▶ **TASK DIRECTIONS**
In the material below, the required lines run from the one containing "Kyle Busch walks" through the one containing "The Solicitor's Headache: Conflicting". Copy those lines exactly, ends included, and nothing else.

-- Opening Marker --

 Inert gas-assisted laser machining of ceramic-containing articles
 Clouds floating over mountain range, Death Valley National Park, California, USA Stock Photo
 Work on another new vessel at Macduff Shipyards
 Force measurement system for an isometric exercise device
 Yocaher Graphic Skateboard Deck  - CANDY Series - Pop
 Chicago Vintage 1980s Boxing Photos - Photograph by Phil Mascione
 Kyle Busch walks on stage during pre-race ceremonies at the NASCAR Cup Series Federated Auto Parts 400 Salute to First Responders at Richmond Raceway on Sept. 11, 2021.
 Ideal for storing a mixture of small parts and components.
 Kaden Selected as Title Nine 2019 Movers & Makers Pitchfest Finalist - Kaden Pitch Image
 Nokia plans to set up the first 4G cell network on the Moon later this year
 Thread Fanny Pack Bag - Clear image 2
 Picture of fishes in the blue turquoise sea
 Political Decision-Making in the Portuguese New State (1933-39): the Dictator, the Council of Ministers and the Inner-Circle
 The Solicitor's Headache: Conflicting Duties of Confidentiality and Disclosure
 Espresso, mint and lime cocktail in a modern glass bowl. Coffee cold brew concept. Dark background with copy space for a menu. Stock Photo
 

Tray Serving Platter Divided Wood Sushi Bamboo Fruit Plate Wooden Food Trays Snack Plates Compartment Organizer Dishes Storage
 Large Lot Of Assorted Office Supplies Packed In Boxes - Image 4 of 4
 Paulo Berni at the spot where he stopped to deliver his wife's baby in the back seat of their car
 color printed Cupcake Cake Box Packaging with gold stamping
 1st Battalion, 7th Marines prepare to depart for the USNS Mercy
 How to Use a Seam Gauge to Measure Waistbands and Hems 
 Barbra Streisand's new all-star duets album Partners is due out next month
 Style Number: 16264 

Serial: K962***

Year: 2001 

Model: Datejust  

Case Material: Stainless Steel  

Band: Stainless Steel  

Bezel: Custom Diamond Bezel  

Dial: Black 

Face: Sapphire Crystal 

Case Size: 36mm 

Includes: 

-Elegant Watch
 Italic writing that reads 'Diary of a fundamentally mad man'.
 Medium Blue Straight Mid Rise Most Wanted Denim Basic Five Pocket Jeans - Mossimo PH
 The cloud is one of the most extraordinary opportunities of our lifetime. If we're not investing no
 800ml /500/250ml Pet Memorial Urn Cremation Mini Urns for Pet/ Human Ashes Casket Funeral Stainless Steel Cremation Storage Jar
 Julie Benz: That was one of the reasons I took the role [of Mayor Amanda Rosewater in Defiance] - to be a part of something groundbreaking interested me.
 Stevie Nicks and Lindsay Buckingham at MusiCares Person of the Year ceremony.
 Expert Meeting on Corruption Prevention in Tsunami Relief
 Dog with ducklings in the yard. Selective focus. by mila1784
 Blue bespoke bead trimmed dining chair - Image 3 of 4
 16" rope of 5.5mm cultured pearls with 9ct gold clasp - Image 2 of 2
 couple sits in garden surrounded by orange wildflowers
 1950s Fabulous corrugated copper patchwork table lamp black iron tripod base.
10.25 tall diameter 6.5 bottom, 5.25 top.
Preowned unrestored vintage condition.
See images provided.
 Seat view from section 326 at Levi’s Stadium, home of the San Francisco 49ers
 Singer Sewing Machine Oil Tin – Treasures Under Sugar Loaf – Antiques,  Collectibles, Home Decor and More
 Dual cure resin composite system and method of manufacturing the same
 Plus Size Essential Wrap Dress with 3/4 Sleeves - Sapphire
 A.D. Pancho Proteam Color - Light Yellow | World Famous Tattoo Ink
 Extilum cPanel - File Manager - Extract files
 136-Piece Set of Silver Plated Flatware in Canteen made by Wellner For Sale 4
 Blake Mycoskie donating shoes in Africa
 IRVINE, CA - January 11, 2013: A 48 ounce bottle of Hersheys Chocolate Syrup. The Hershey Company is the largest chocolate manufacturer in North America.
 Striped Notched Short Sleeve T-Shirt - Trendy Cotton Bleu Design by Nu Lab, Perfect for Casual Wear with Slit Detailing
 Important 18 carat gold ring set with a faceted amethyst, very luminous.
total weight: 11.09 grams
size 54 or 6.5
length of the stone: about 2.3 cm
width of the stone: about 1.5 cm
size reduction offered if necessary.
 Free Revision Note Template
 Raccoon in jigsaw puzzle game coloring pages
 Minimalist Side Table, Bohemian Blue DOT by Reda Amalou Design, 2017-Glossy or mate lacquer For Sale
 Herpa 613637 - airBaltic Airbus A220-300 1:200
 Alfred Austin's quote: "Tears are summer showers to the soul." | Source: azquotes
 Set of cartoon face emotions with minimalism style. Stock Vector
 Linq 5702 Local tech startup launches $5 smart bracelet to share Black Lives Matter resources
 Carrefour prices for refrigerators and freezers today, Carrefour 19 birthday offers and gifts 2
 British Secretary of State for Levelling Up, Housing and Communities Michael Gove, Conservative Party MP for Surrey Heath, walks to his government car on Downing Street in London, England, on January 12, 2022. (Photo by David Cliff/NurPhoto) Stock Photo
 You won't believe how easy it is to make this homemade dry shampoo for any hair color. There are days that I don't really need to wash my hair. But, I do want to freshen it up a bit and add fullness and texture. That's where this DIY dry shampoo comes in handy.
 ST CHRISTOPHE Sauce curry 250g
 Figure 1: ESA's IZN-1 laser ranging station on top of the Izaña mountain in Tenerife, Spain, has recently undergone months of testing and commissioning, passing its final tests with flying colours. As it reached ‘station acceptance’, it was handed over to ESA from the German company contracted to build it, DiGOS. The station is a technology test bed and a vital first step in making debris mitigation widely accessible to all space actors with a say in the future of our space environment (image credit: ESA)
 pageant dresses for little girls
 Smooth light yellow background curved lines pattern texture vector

-- Closing Marker --

▶ **RESULT OF THIS TASK**
 Kyle Busch walks on stage during pre-race ceremonies at the NASCAR Cup Series Federated Auto Parts 400 Salute to First Responders at Richmond Raceway on Sept. 11, 2021.
 Ideal for storing a mixture of small parts and components.
 Kaden Selected as Title Nine 2019 Movers & Makers Pitchfest Finalist - Kaden Pitch Image
 Nokia plans to set up the first 4G cell network on the Moon later this year
 Thread Fanny Pack Bag - Clear image 2
 Picture of fishes in the blue turquoise sea
 Political Decision-Making in the Portuguese New State (1933-39): the Dictator, the Council of Ministers and the Inner-Circle
 The Solicitor's Headache: Conflicting Duties of Confidentiality and Disclosure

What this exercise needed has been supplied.